Я был эгоистом, как всякий средний человек. Возможно, думал только о себе и о своих удобствах. Не надрывался, развлекался, ел и спал. Но ведь людей, которые были бы хорошими по-настоящему, очень мало, я сразу их и не назову. Я к своей работе отношусь серьезно, но ведь это совсем пустяк. Для мира она никакого значения не имеет.
Миссис Джонсон:
— Ничего подобного, Нино. Вы делаете очень нужное дело. Сколько раз вы исправляли врачебные ошибки в рецептах? А уж для нашей аптеки вы — просто клад. (Поворачивается к остальным.) Его все любят. У него столько друзей среди покупателей! Они приносят своих малышей, приводят внуков, чтобы показать ему.
Джефф:
— Семьдесят процентов покупателей приходят к нам только из-за Нино.

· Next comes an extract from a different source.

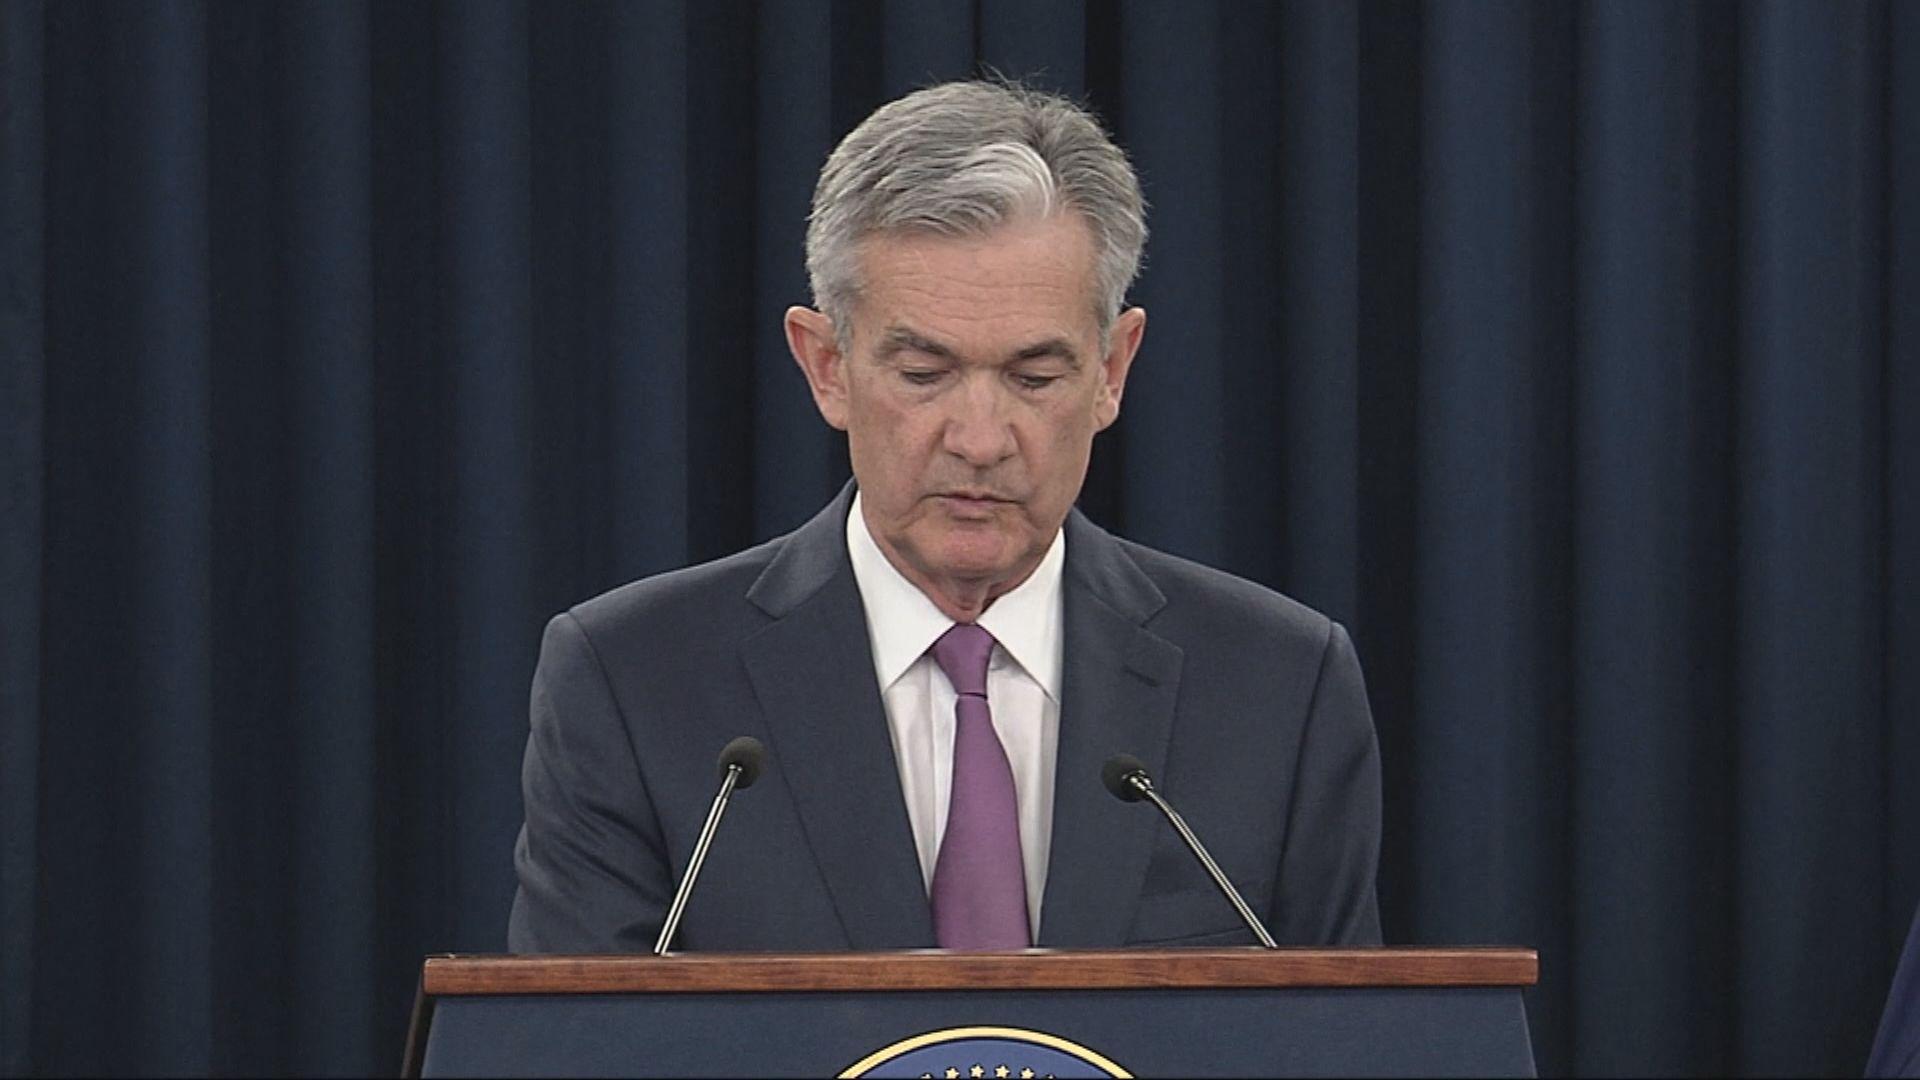 鮑威爾:目前利率水平適中 政策適當

— Ну, не знаю. Вы поглядите на тех людей, которые оказывают человечеству великие услуги.
Миссис Джонсон:
— Нино, да вы же оказываете услуги человечеству каждый день — тем, что вы здесь!

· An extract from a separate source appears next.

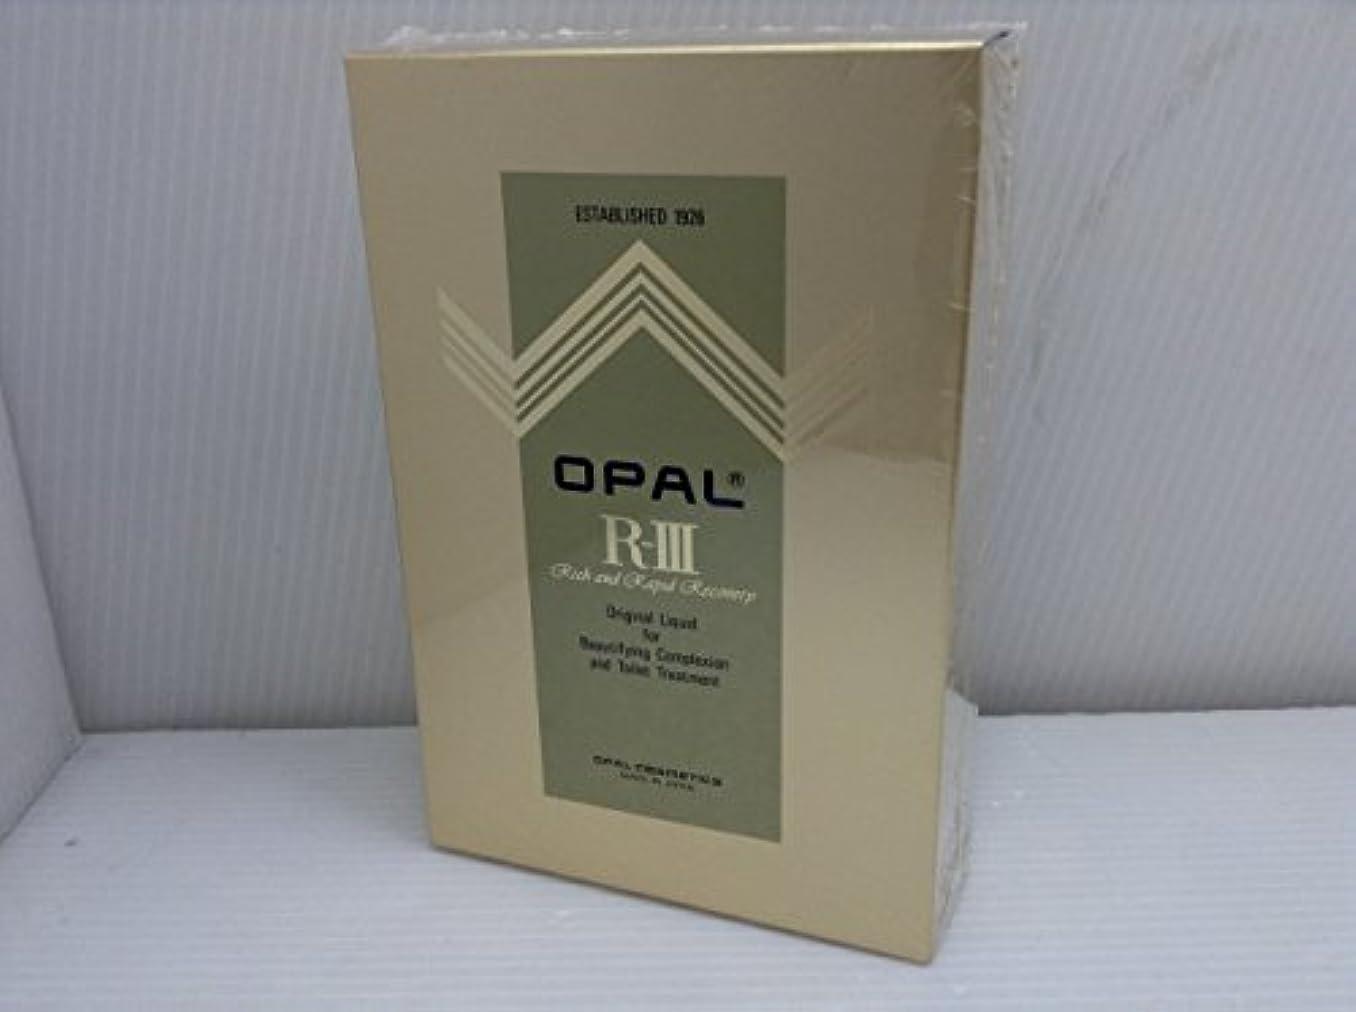 アヒルラッドヤードキップリング北へオパール化粧品 美容原液 薬用オパール R-III (460ml)

(Он смущенно возводит глаза к потолку.)
— Нет, вы только послушайте. Ну и ну!
ПОСТСКРИПТУМ. Они заговорили о своем старом сослуживце, который недавно умер. Он неуклонно выполнял все инструкции. «И мы даже ссорились из-за того, что я соблюдал их не так строго. Придет человек и пожалуется: «У меня бессонница». Но он без рецепта ничего не даст. Ну, такой покупатель выйдет, прогуляется по улице и назад — уже ко мне. А я говорю: «Я вас знаю, вы человек надежный. Ну вот, берите парочку». Я считаю, что можно и по-человечески. И никакого греха тут нет».